I have had great success with the ritual of passing the rings among the bridal party or even all the guests so everyone may have the opportunity to bless them. This is often called ‘warming the rings.’

 

The couple used Tibetan singing bowls from the groom's collection, to open and close the ceremony, as well as a Sand Ceremony.

Unity candles are very popular, and I have just one thing to say about it: don’t use candles outdoors! My last experience, years ago, really cemented my thinking. The bride practically begged me to do the candles, assuring me they would have hurricane lamp shades, and that because the wedding was under a pavilion, she felt confident it would work. It didn’t. There was a very strong wind that day and they could not get the candles lit. Fortunately they had a good sense of humor about it, and I learned to be clear about this. It is my job to honor and support the choices of the couples I work with, but it is also my job to share my knowledge and experience.
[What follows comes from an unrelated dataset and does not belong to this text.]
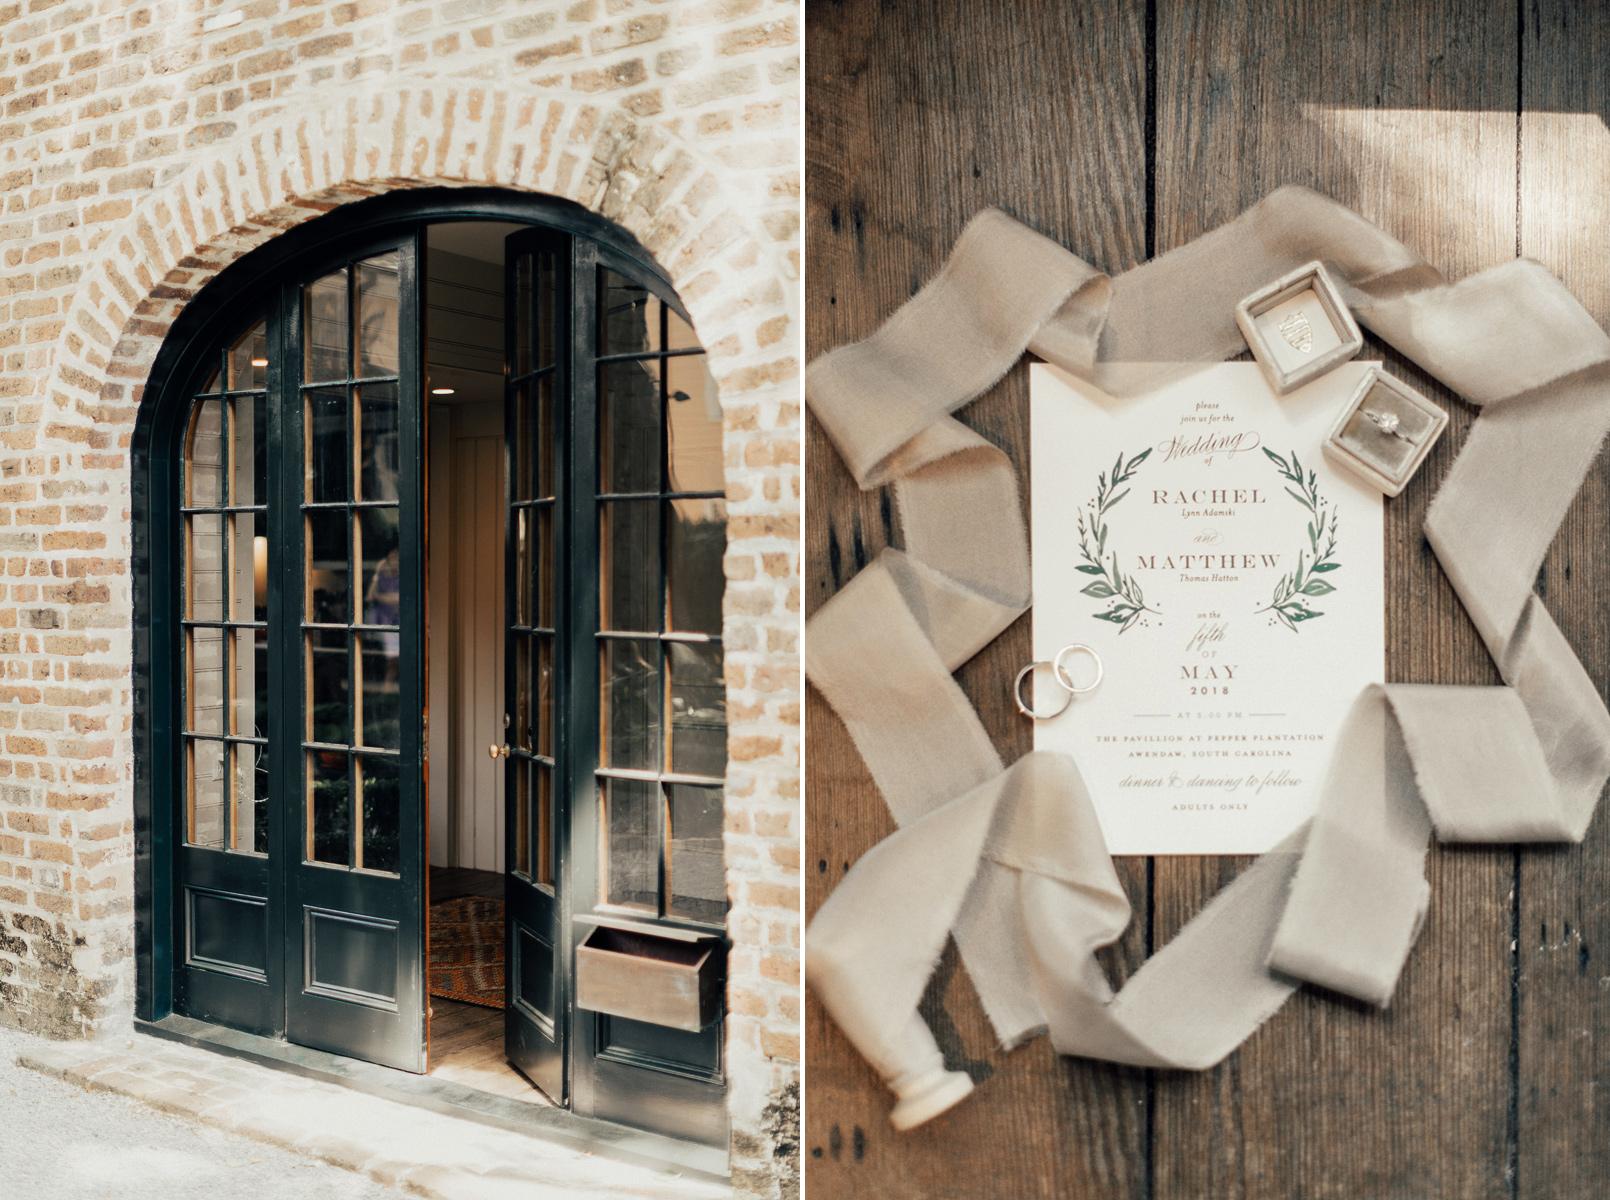 rachel-matthew-charleston-sc-wedding-details-1.jpg

The photo I’ve included is from a ceremony I created recently using Tibetan Singing Bowls. The groom collects them and they also decided to include a Sand Ceremony. It was great!

I like to say that ‘ritual is the language of ceremony.’ Rituals add deeper meaning, provide symbolism, and heighten awareness and spirituality. They create memorable moments. Give some thought to what rituals you feel express your beliefs or reflect your background, heritage, and style.